Ce soir-là, un an à peine après l’amputation d’AC/DC, les membres du groupe étaient incontestablement à la hauteur. Angus fut pour moi un choc. Je me suis toujours demandé comment on pouvait jouer en dodelinant de la tête de la sorte. Ce type est malade ! Voilà l'explication. Il fascine parce qu'il développe une telle énergie que l'on est aspiré par sa frénésie de bouger. Je me rappelle qu’au moment où il a attaqué les accords de « Sin City », une vague venue de devant a balayé tout le public. Nous étions tous irrémédiablement animés d’une envie de danser. Il avait provoqué ça tout seul ! On avait le sentiment qu’Angus jouait sa peau à chaque note. Ensuite, « Back in black » et « Bad boy boogie » ont définitivement emportés les suffrages des plus sceptiques.

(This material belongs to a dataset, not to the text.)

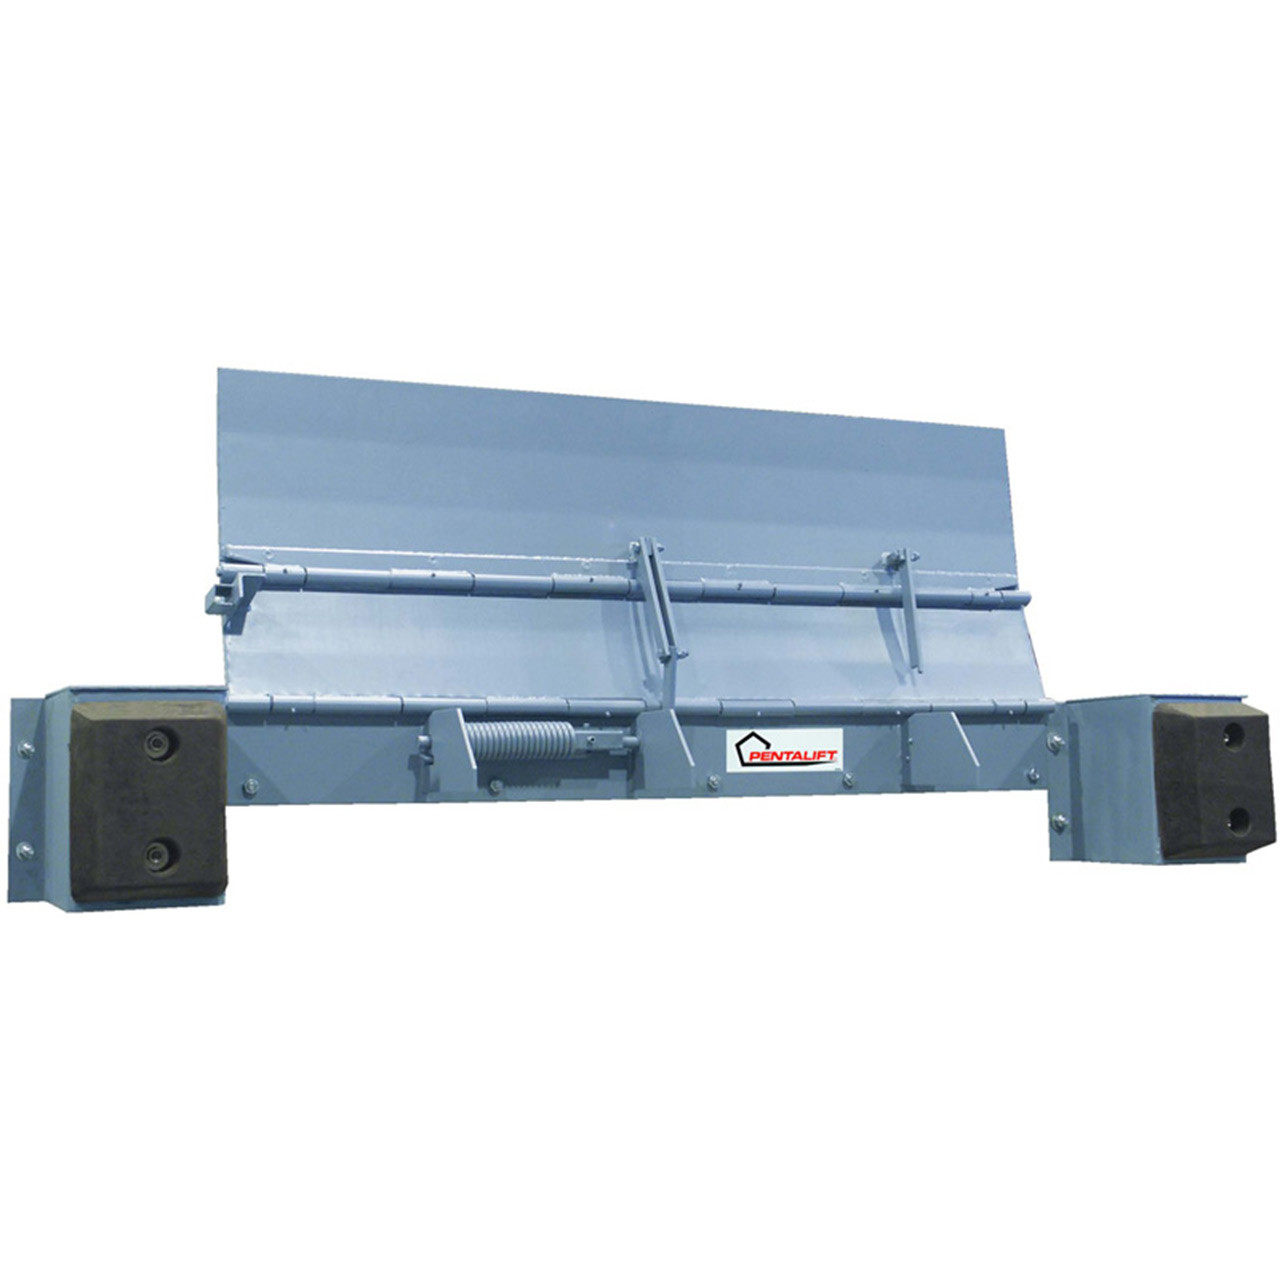 Mechanical Edge-Of-Dock Levelers Up

La voix de Brian demeurait très en deçà de celle de Bon Scott, mais j’ai senti ce jour-là qu’AC/DC allait devenir beaucoup plus professionnel. Avant, le groupe reposait sur un duo immensément talentueux lesté par une rythmique d’enfer. Désormais, le groupe devait resserrer les rangs. C’est au moment de « The Jack » que la nouvelle voix faisait regretter l’ancienne. Peut-être les guitares la couvraient-elles beaucoup moins ? Les nouveaux titres issus de « Back in black » ont soigneusement été disséminés parmi les classiques : « You shook me all night long » compressé entre Whole lotta Rosie » et « TNT » et « What de you do for your money honey » entre « Highway to hell » et « High voltage ». Heuseusement, AC/DC, ça n’était pas seulement Bon Scott. Même avec un Johnson peu aguerri encore, le concert reste gravé dans ma mémoire comme un souvenir inestimable. Je crois que le second m’a véritablement permis de prendre la pleine mesure d’AC/DC. Les deux shows sont un peu comme les revers d’une même médaille. Il faut bien un côté pile pour que face existe, tout comme il faut un Malcolm pour faire un Angus !
AC/DC est avant tout un son qui pénètre les entrailles et parle directement au coeur. Je crois que ce qui fait son succès, c'est que leur musique est d'une générosité incroyable. C'est de la puissance sans fioriture. Il n'y a qu'eux au monde pour jouer des trucs aussi simples et aussi efficaces. C'est une synthèse du rock'n'roll traditionnel et du monde moderne rapide, puissant, sans pitié. C'est une violence que l'on a l'impression, lorsqu'on l'écoute, de ressentir ailleurs dans notre vie, mais d'être en mesure de maîtriser grâce au groupe. Et ça, c'est particulièrement jouissif.
J'ai aujourd'hui deux fils, 8 et 14 ans, et ils adorent les disques que j'écoutais à l'époque. Je leur ai promis que si AC/DC repassait dans le coin bientôt, je les amènerai. Cette musique est atemporelle ! L'énergie à l'état pur.